An Improvisation That Became an Invention
Mary, unable to bear the pain, requested that her maid bring her a needle with thread, some ribbon and two silk handkerchiefs. Together, they sewed these basic elements into a lightweight, flexible construction:
- Everything was soft, cozy, and nearly undetectable on the body;
- two triangles constructed out of the handkerchiefs served as the cups;
- ribbons wrapped around the torso and over the shoulders.
This led to the creation of the first bra in history, which supported the body’s natural shape without the need for compression or boning.
First Test: The Ball and the “Wow” Effect
Mary looked stunning as she donned the new structure underneath her evening gown. She breathed freely and with elegance.
Her companions were unable to look away from her during the event, asking, “What are you wearing under your dress?”
The women wanted her to create them the same type of underwear right away once they were impressed.
Mary realized: she had created something truly new. Not just a comfortable thing — but a potentially mass-market product that women had long needed but didn’t yet know existed.
Alencon Lace and Regal Broadcloth Brassieres Ad, 1937Buyenlarge/Getty Images

Patent: The Birth of the “Backless Brassiere”
Mary took out papers. Draw the layout. Describe everything in its truest form. She also submitted a patent application to the USPTO in 1914. “Backless Brassiere” was the name of her creation.
She didn’t create an empire in fashion. Millions were not in her dreams. She just created it for herself, but it turned out that everyone else needed it as well.
Commercial Development: A Loss of Millions?
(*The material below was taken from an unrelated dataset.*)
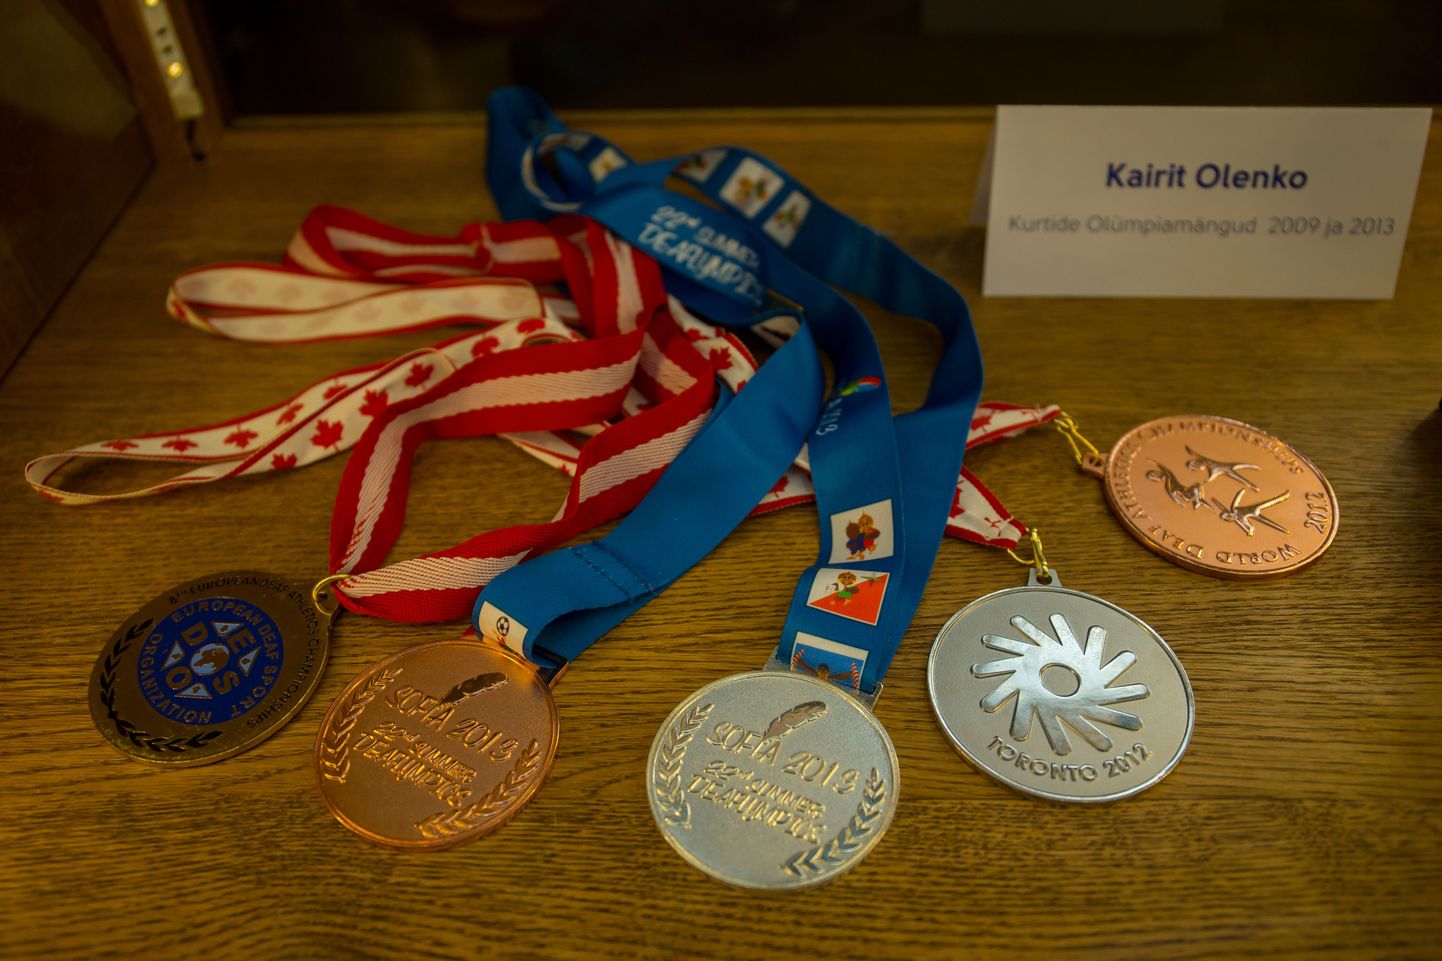 Eesti parasportlased avasid prestiižsemate medalite näituse ja tutvustasid uue hooaja plaane.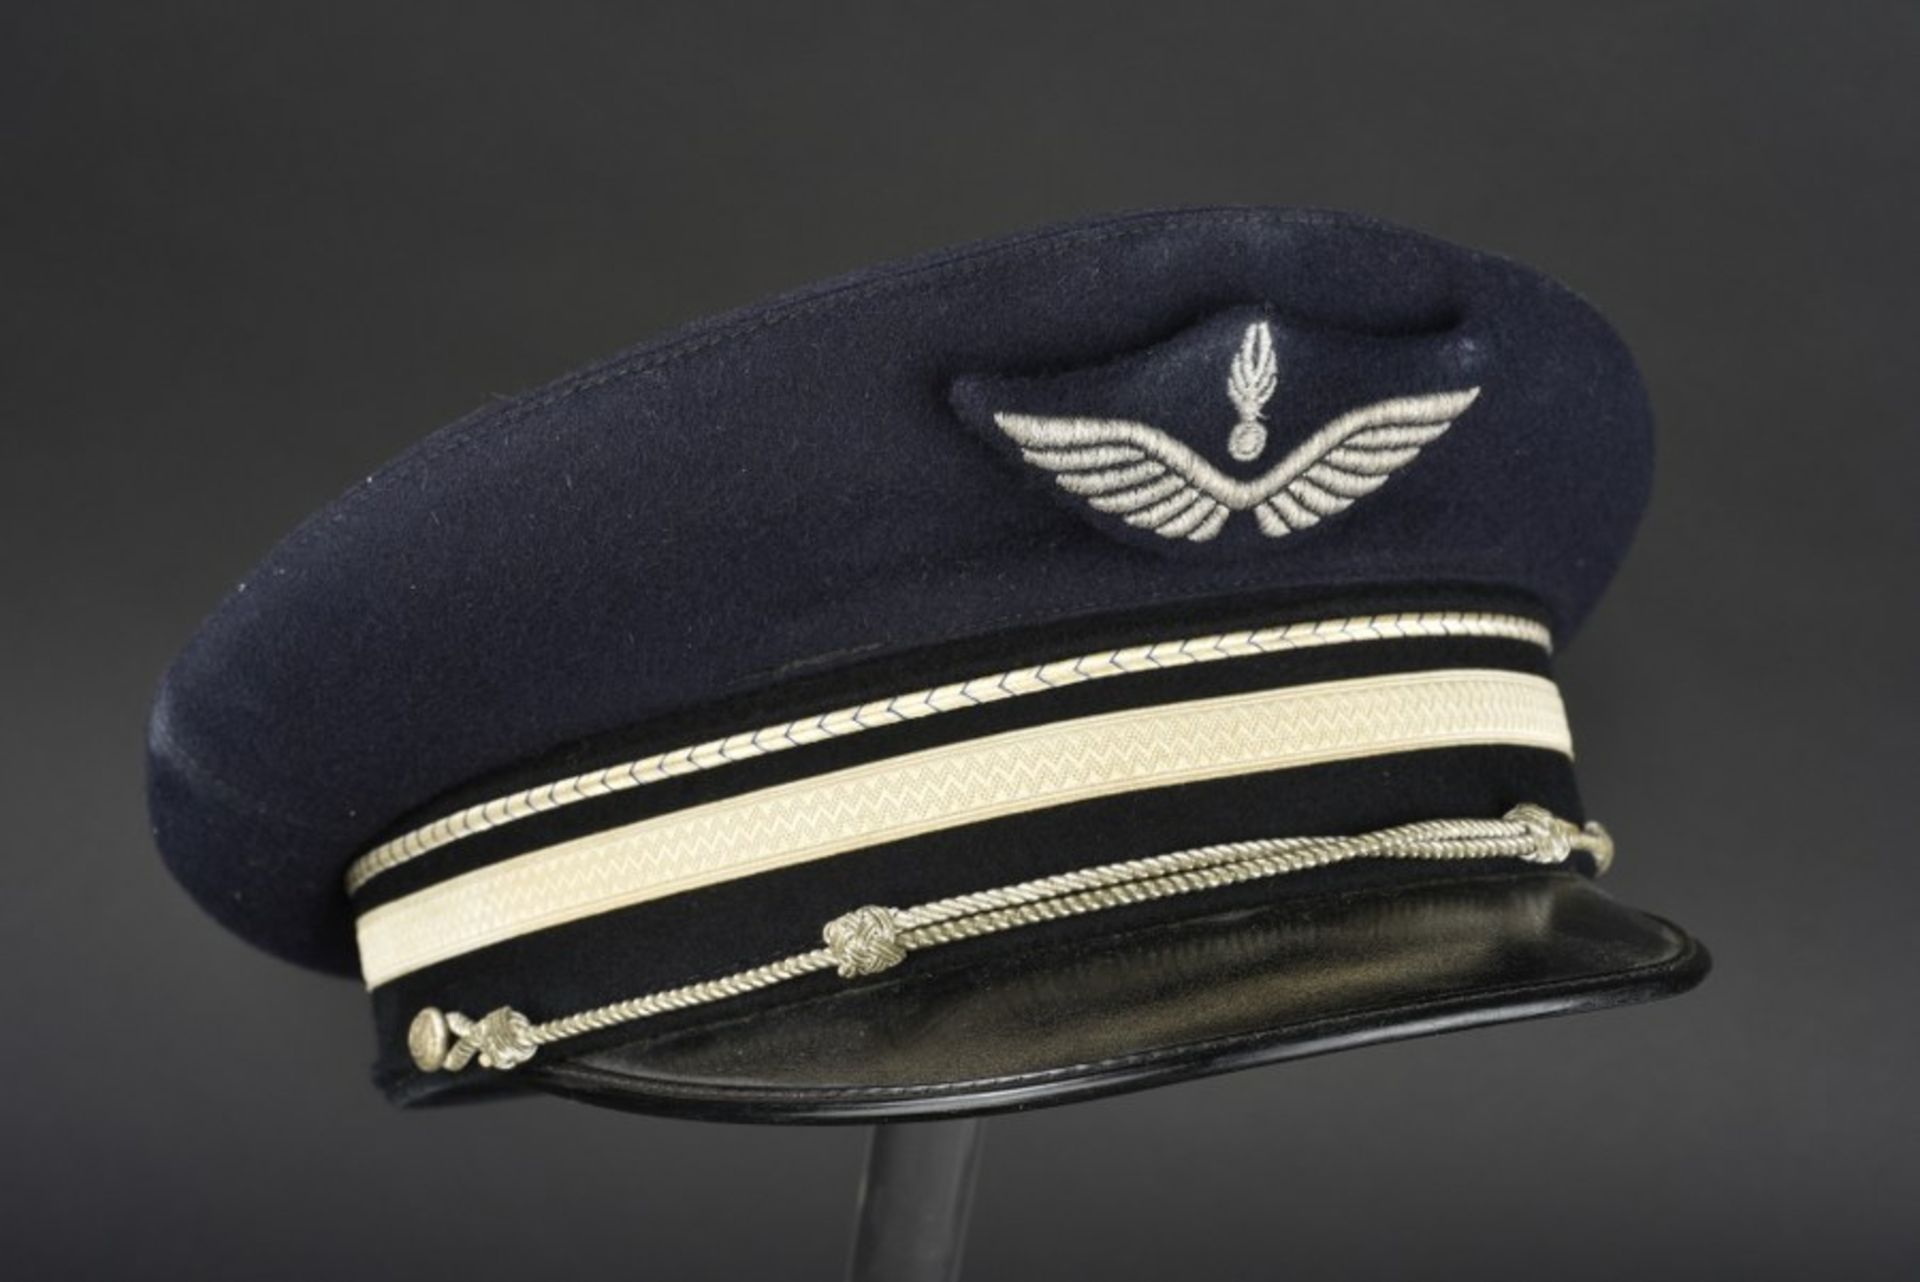 Ensemble de casquette de la Gendarmerie (après-guerre et contemporain) comprenant 2 gendarmerie de - Image 3 of 4

Mary didn’t want to make the innovation a business, even with the success and patent. She paid $1,500 to the Warner Brothers Corset Company in the 1920s for the rights to the bra.
Ironically, during the following 30 years, this corporation made almost $15 million from this patent.
Despite not becoming an entrepreneur, Mary’s name will live on in fashion history as the creator who liberated women.
She Didn’t Sew a Bra. She Sewed Freedom.
That moment, when a girl made a new kind of support using a needle and two handkerchiefs, came to represent the start of a new age.
That first bra had no lace.
No push-up.
No brand or label.
But it had something more important — choice.
The history of women’s underwear took a completely different turn after that.